June 12, 2004
Column #1,189
"God and Ronald Reagan"
Last night a reader e-mailed, "Do you know if President
Reagan was a
Christian?"
Frankly, I've had doubts since I began writing this
column in 1981, the
first year of his Presidency.
From those early years, men I respected were persuaded
his faith was
genuine. One with no doubts was Dr. James Dobson of Focus on the Family. He
praised Reagan as "the first President to step out boldly to protect the
unborn child.

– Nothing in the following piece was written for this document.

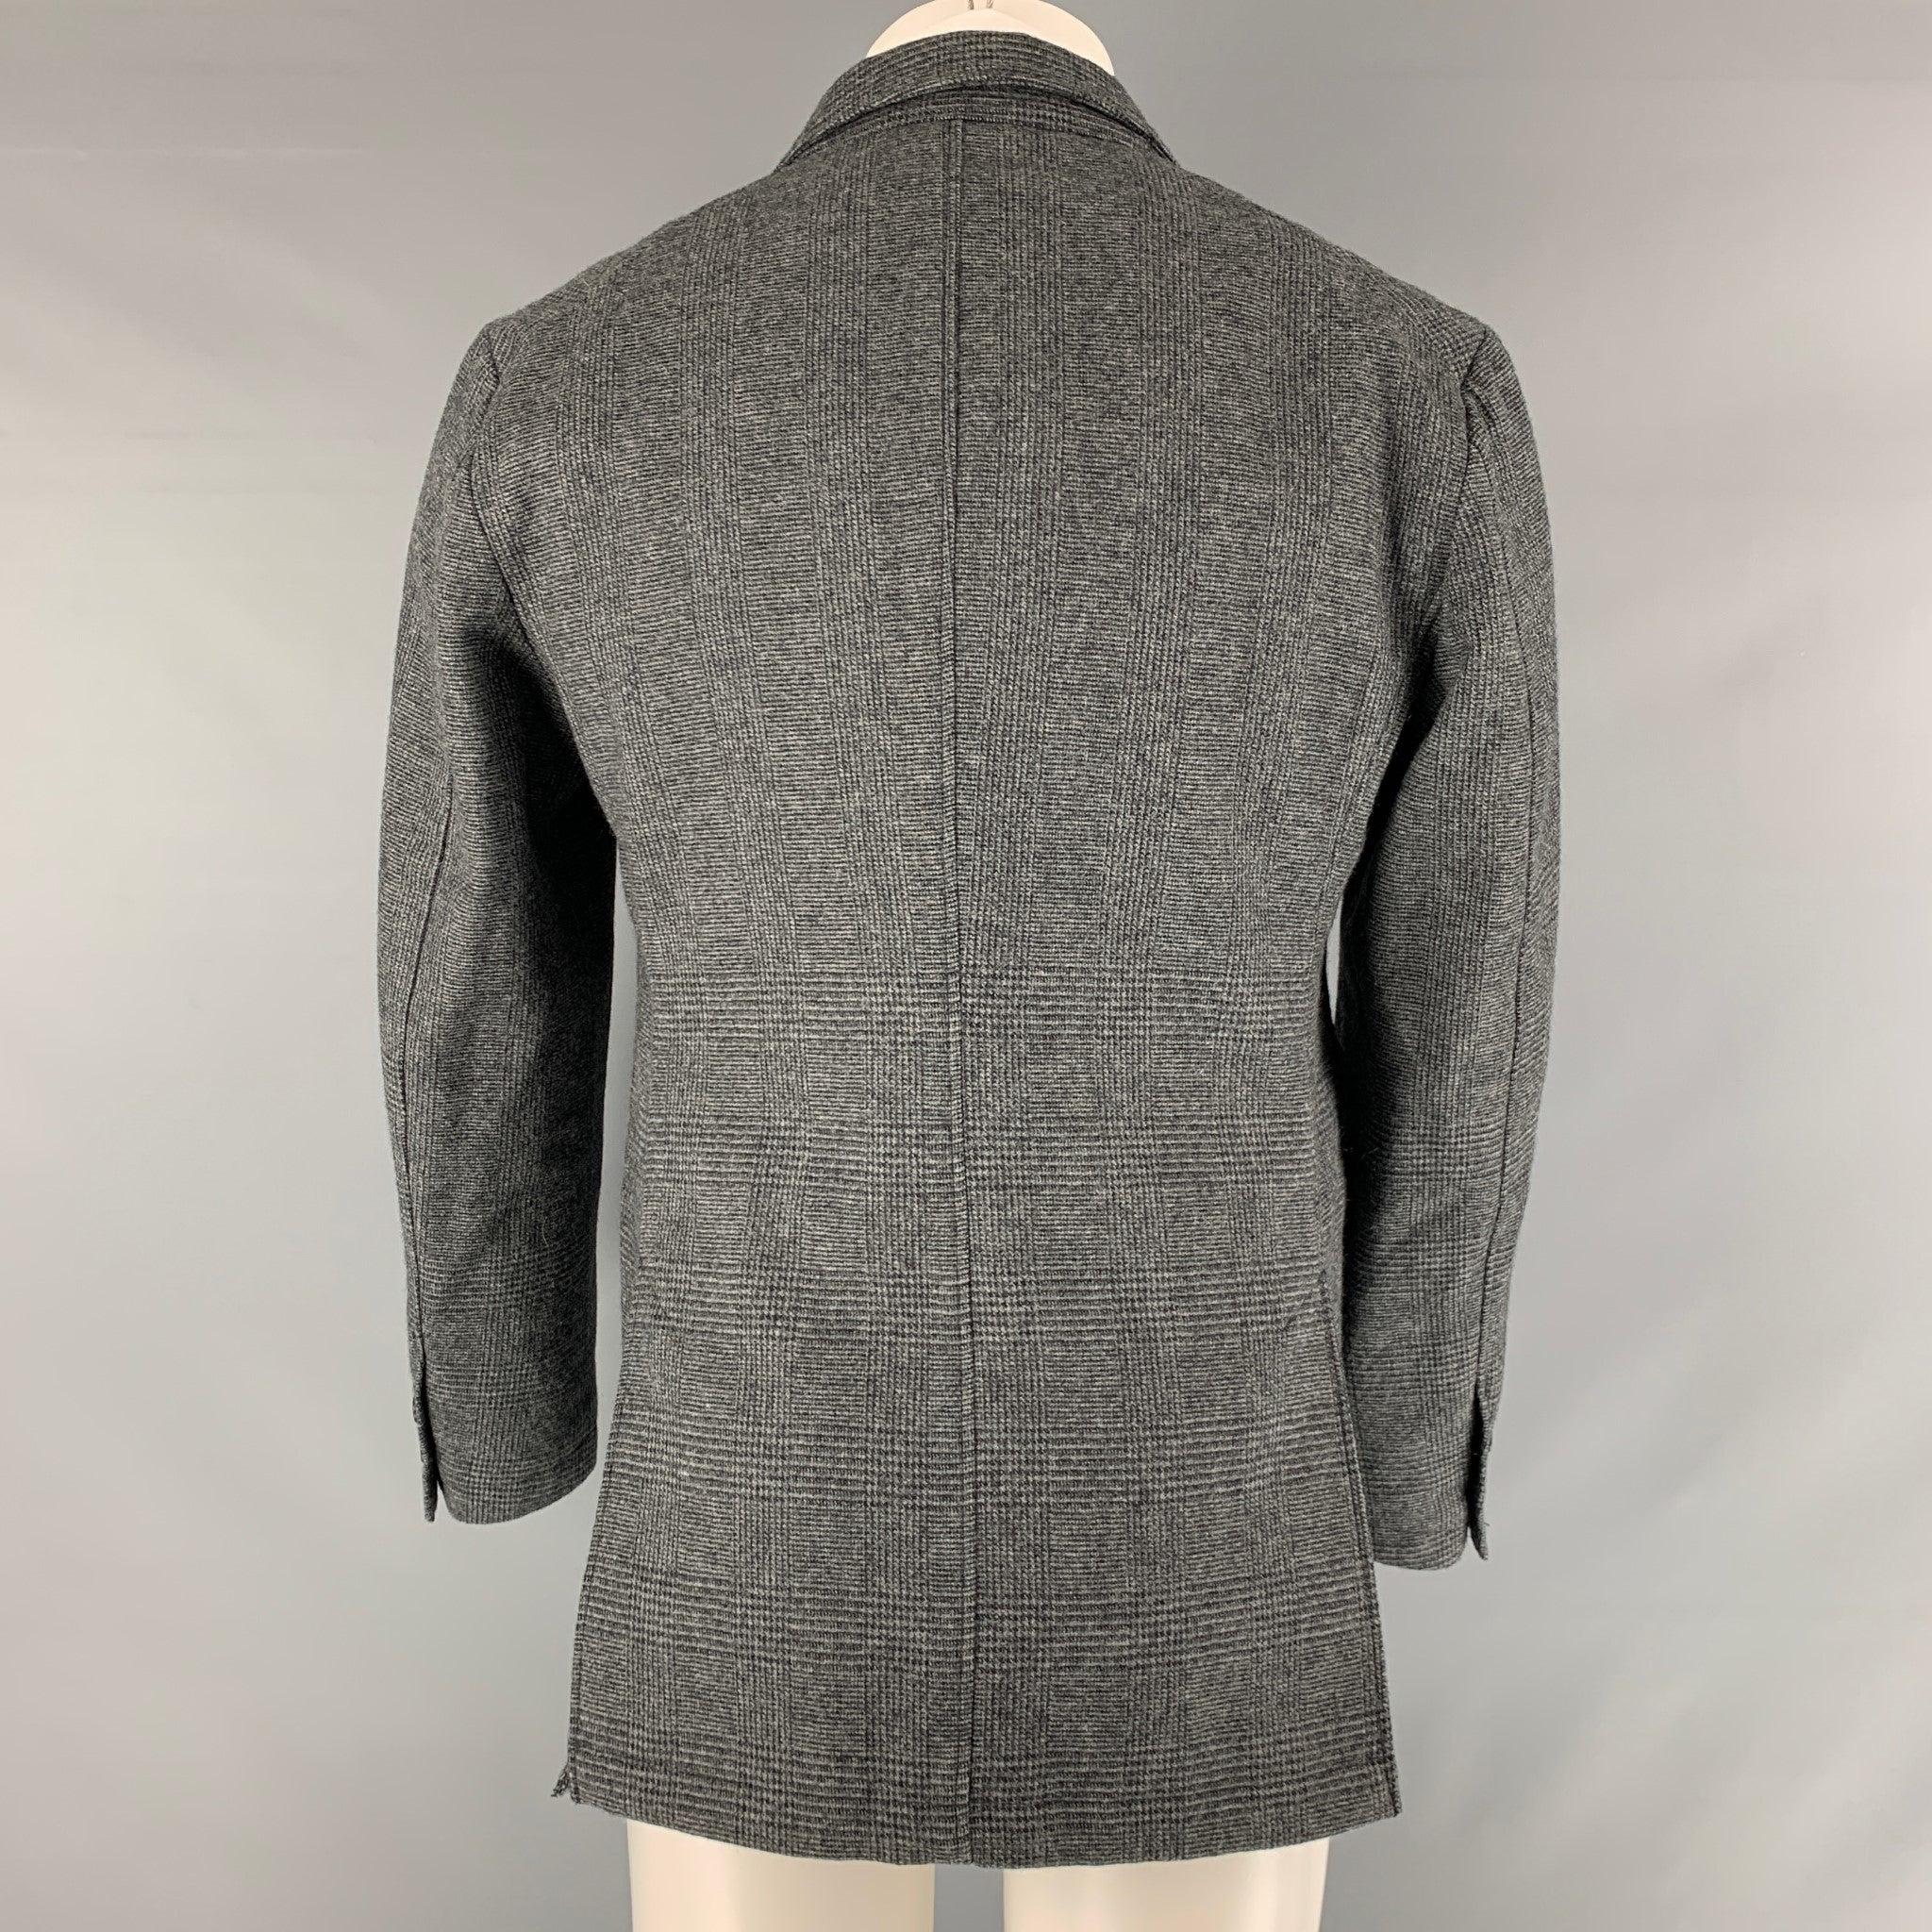 ENGINEERED GARMENTS Size S Grey Black Glenplaid Wool Sport Coat In Good Condition For Sale In San Francisco, CA

Jimmy Carter and Gerald Ford were both pro-abortion."
However, Reagan attended church only once in his eight
years of presidency.
Can a man who does not worship God be called Christian?
When asked about his lack of church attendance during
the 1984 presidential
debate with former Vice President Walter Mondale, Reagan said he feared endangering his own life and those of others: "I pose a threat to several
hundred people if I got to church. I know all the threats that are made
against me."
Two months after his Inauguration, President Reagan was
shot and the bullet
came within an inch of his heart. Fear was understandable. Why then,
did he not invite
clergy to conduct services within the White House? However, as an
ex-President he did return to church.
A new book by Paul Kengor, "God and Ronald Reagan," has
persuaded me that
his faith was not only profound, but his driving energy and the key to
understanding his
effectiveness in restoring hope to America and in his strategy toward the
Soviet Union,
symbolized by his challenge in Berlin: "Tear down this wall, Mr. Gobachev."
Nelle Reagan, his mother, was deeply
religious. She not only led the
largest Disciples of Christ Sunday School class and prayed so fervently
people were healed, but she dedicated her life to the "poor and helpless,"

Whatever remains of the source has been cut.